水道橋駿河台

今日は、5月5日。
「端午の節句」ということで、2007年に発行された「江戸名所と粋の浮世絵シリーズ」第1集からの1枚。
広重の『名所江戸百景』から「水道橋駿河台」。

画面前面に描かれた、大きな「こいのぼり」が大迫力。
また、遠方の数ヶ所にも描かれていて、季節感あふれる5月初旬の江戸の風景です。
ところで、描かれた「こいのぼり」が、今とは違いますね。
画面では3ヶ所で泳いでいますが、どれも黒いのが1匹。
つまり、真鯉ってやつだけ。
現代人の感覚からすると、「こいのぼり」は少なくとも真鯉と緋鯉の2匹はいるはず。
それどころか、5匹、6匹と繋がっているのを見たこともあります。
ですが、「こいのぼり」の歴史を辿って行くと、明治中頃になってやっと緋鯉が出てくるのです。
ですから真鯉1匹で、この絵は正確というわけ。

印面下方に見える川は神田川で、そこに架かる橋は水道橋。
水道橋の向こうには駿河台の武家屋敷が描かれ、遠くに富士山がクッキリと見えます。
神田川と武家屋敷の間に緑色で草木が表現されていますが、今はここに中央線快速や総武線各停が走っています。

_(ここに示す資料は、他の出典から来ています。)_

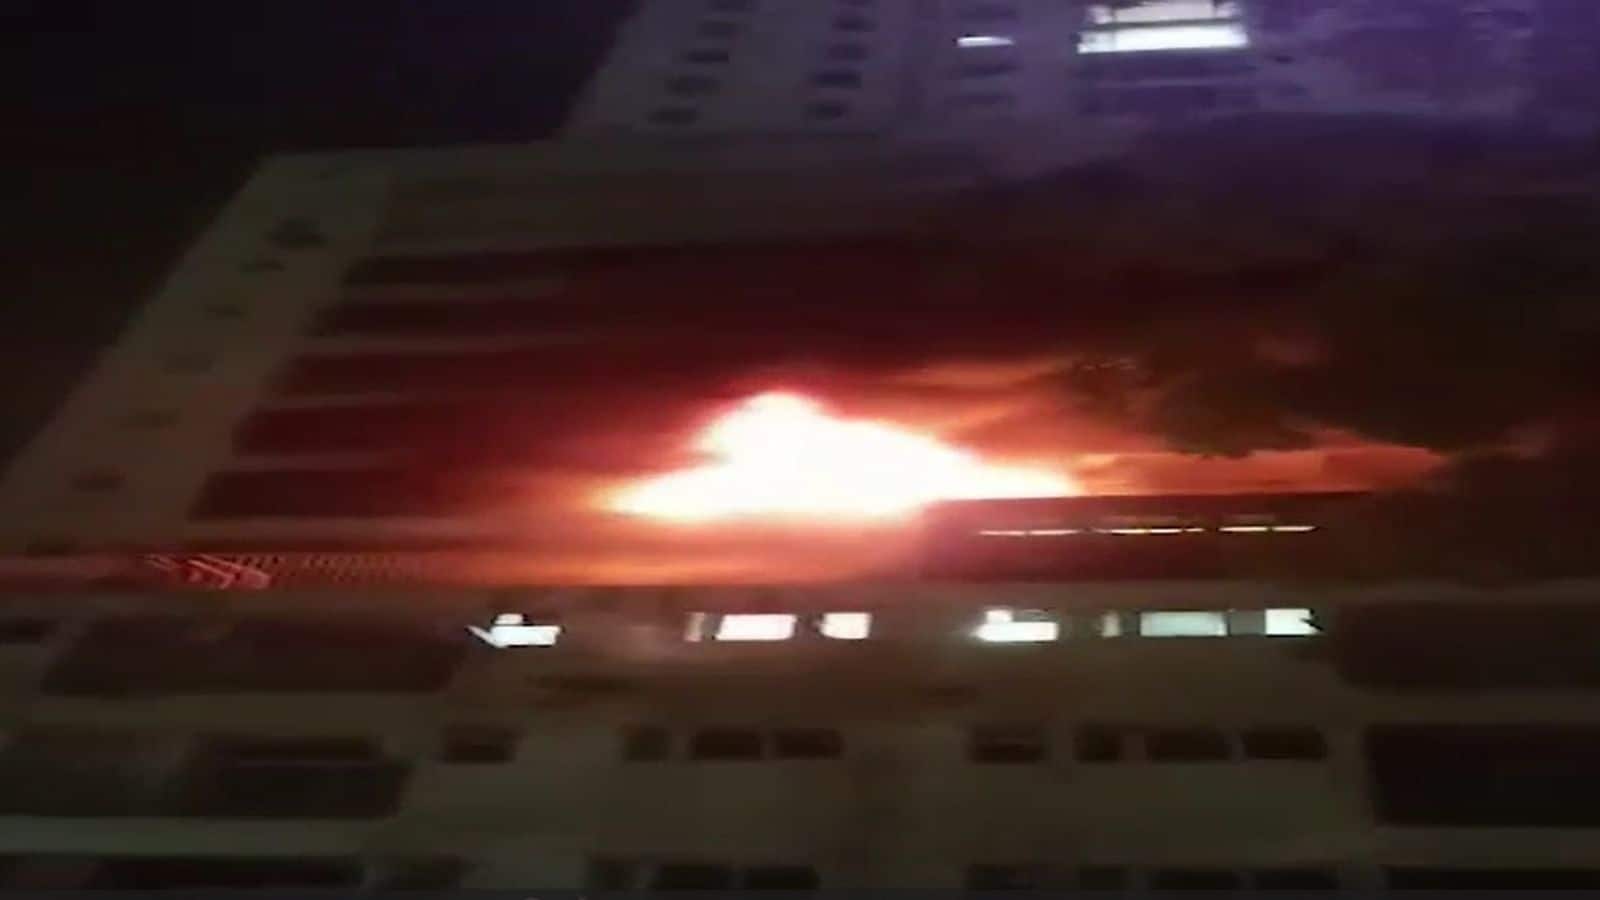 Fire breaks out in Ghaziabad flat after AC blast

嘉永年間に刊行された尾張屋版切絵図に、関係ヶ所を記したのが下の図です。
ちょうど神田川付近が他図との境目なので、端っこで見難いですけど勘弁してください。
赤矢印のちょっと下(地図の欄外)の所から、矢印の方角に神田川の対岸を水道橋を挟んで描いたもので、奥に武家屋敷が建並ぶ様子が切絵図からもわかります。
ちょうど、切絵図の下端に神田川に沿うように道路が半分だけ見えていますが、これが現在の外堀通りになり、広重の絵では右下隅に数人が往来する様子が描かれています。

この絵とは直接的な関係はありませんが、広重が描いた地点のすぐ後ろには神田上水が神田川の上を横断する掛樋があることが、この切絵図からわかります。
この画面に掛樋まで描き込むと、煩雑な絵になるので無くて正解だとは思いますが・・・。

広重の写生地を現在の地図に記すと、下図のようになります。
切絵図は南が上なので、位置関係は逆。
ちょうど都立工芸高校の敷地内あたりから、斜めに水道橋を見た感じですね。
絵を見ると、やや高い位置から今の外堀通りを見下ろすように描かれているので、ちょうどこの辺りが本郷台地の縁辺部で、その高い位置から見下ろす感じだったのでしょう。

それにしても、今にも泳ぎ出しそうな大きな鯉を大胆にも前面に出した作品は、切手という小さな印刷物との相性もバツグンです。